A General Model of Selectivity for Fish Feeding: A Rank Proportion Algorithm

Abstract

Given that various prey are available to fish in a particular ecosystem, by default fish feed selectively. Studies of fish feeding ecology have provided key insights into the dynamics of aquatic ecosystems, yet prey selectivity is the least addressed component of these studies. This may be due to the higher level of effort associated with examining both the stomach contents and ambient prey abundance, the assumption that a determined diet composition is static, or the lack of a predictive protocol for a priori estimates of prey selectivity and diet composition.

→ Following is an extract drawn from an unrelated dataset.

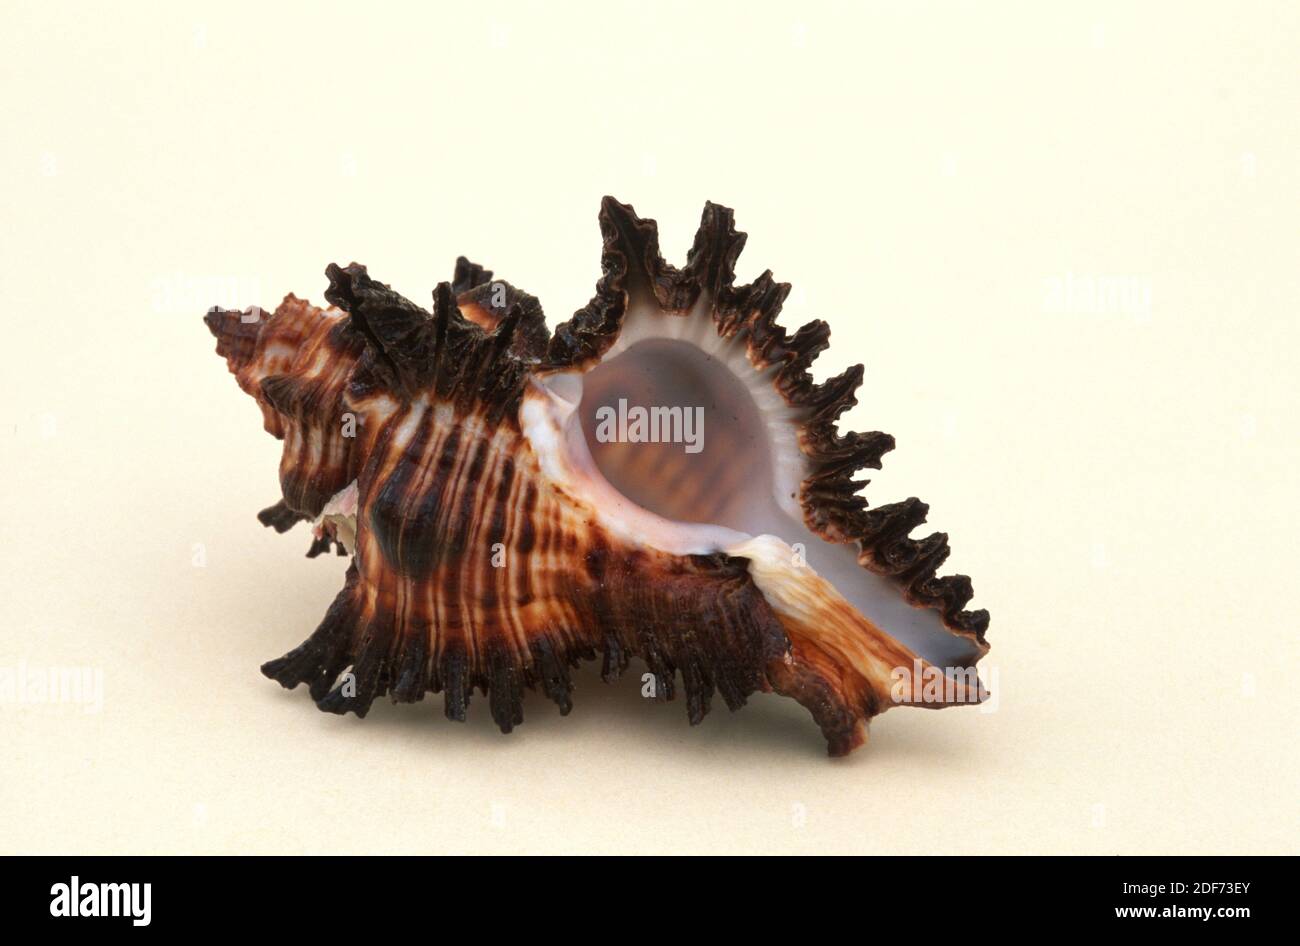 Steinschnecke (Murex brunens) ist eine fleischfressende Meeresschnecke. Schalendetail. Stockfoto

Here I present a rank proportion algorithm (RPA) model that predicts prey preference from first principles of predation that, when coupled with ambient prey concentrations, can predict prey utilization (i.e., diet composition). I applied the model to benthivore, planktivore, and piscivore examples from lentic, lotic, estuarine, and marine ecosystems. Compared with observed stomach contents, the RPA model's predictions of diet composition exhibited more than 83% accuracy, and in most of the cases the model predicted the predominant prey item accurately; the entire prey rank order was predicted correctly on the order of 70–80% of the time. Additionally, more than 85% of the prey items were predicted to be within 10% of observed values, and over 70% were within 5%. The results of the RPA model were notably different from those of the null model of no selectivity. The results suggest that the RPA model is a useful tool when prey preference or stomach composition data are limited but required for other applications and that a general knowledge of the predation process is useful in obtaining quantitative information about fish diet.